Competitors and environmentalists, however, say Apple's green efforts have less to do with cleaning up its products and manufacturing and more to do with marketing. In a recent blog posting, a senior executive at Round Rock, Texas-based Dell Inc. said he was "surprised" by Apple's claims of environmental-friendliness. Environmental groups, like Greenpeace, point to surveys ranking Apple below other computer makers, such as Dell and Hewlett-Packard Co. in green practices.


"Apple is... guilty of using 'green' as a marketing ploy, rather than making green a core part of their business practices," said Stephen Stokes, vice president of business and climate change at AMR Research Inc.

Determining Apple's "green-ness" is difficult because much of the information reported to authorities, like the Environmental Protection Agency, is provided voluntarily.
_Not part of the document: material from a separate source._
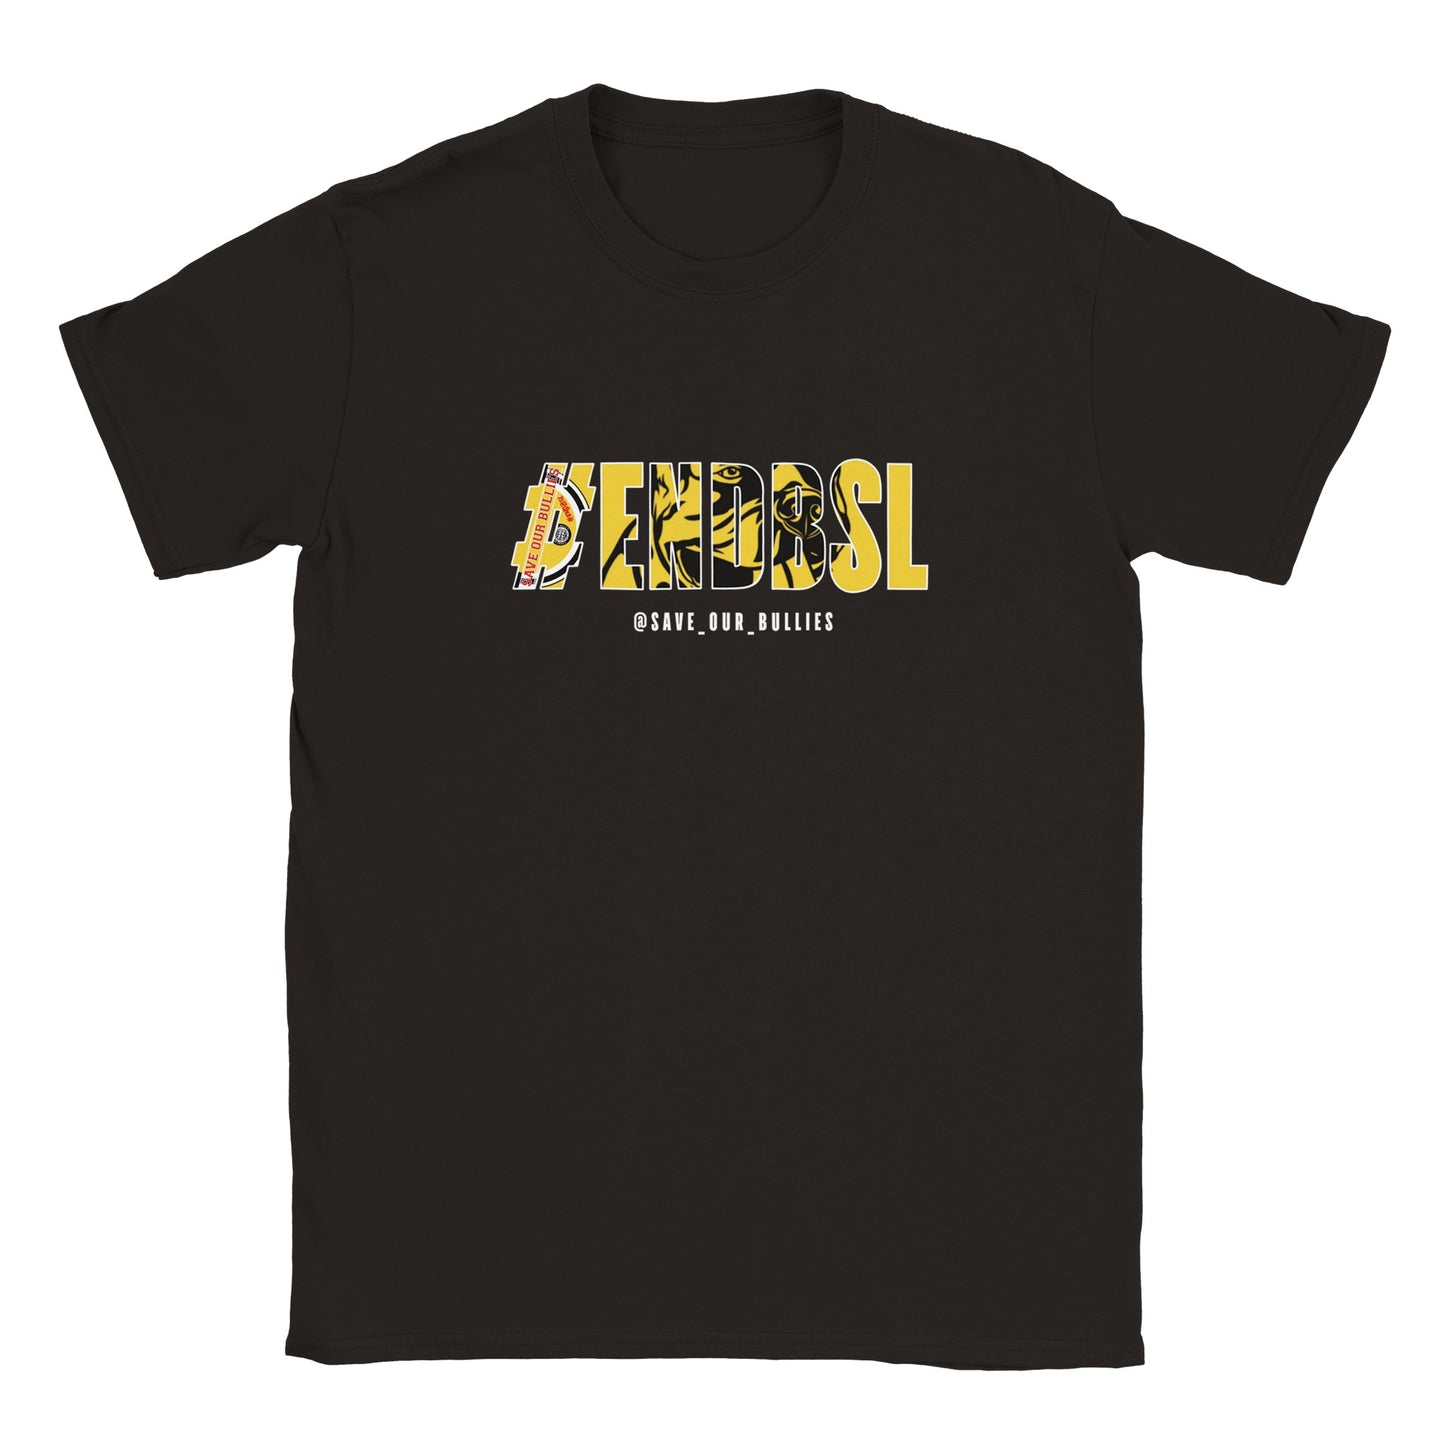 #ENDBSL Crewneck T-shirt

Both Apple and its detractors have ample data to make their cases. However, Apple's recent decision to highlight its environmental efforts leaves the company's eco-track record open to scrutiny and criticism at a time when green issues are coming to the fore.

Success in promoting its record could help Apple lure more consumers, who are increasingly considering the environmental impact of their choices, to the company's products. That could help Apple spur sales and its slumping share price, which has fallen 57% so far this year, far worse than Morgan Stanley Technology Index's 47% drop.

Apple declined to comment for this story, but Apple Chief Executive Steve Jobs said in an October report on Apple's Web site that his company was committed to developing green practices.

"I'm proud to report that all of Apple's new product designs are on track to meet our 2008 year-end goal," Jobs wrote. Among those: eliminating polyvinyl chloride and brominated flame retardants from all its products by 2009, and removing mercury and arsenic from its products' displays.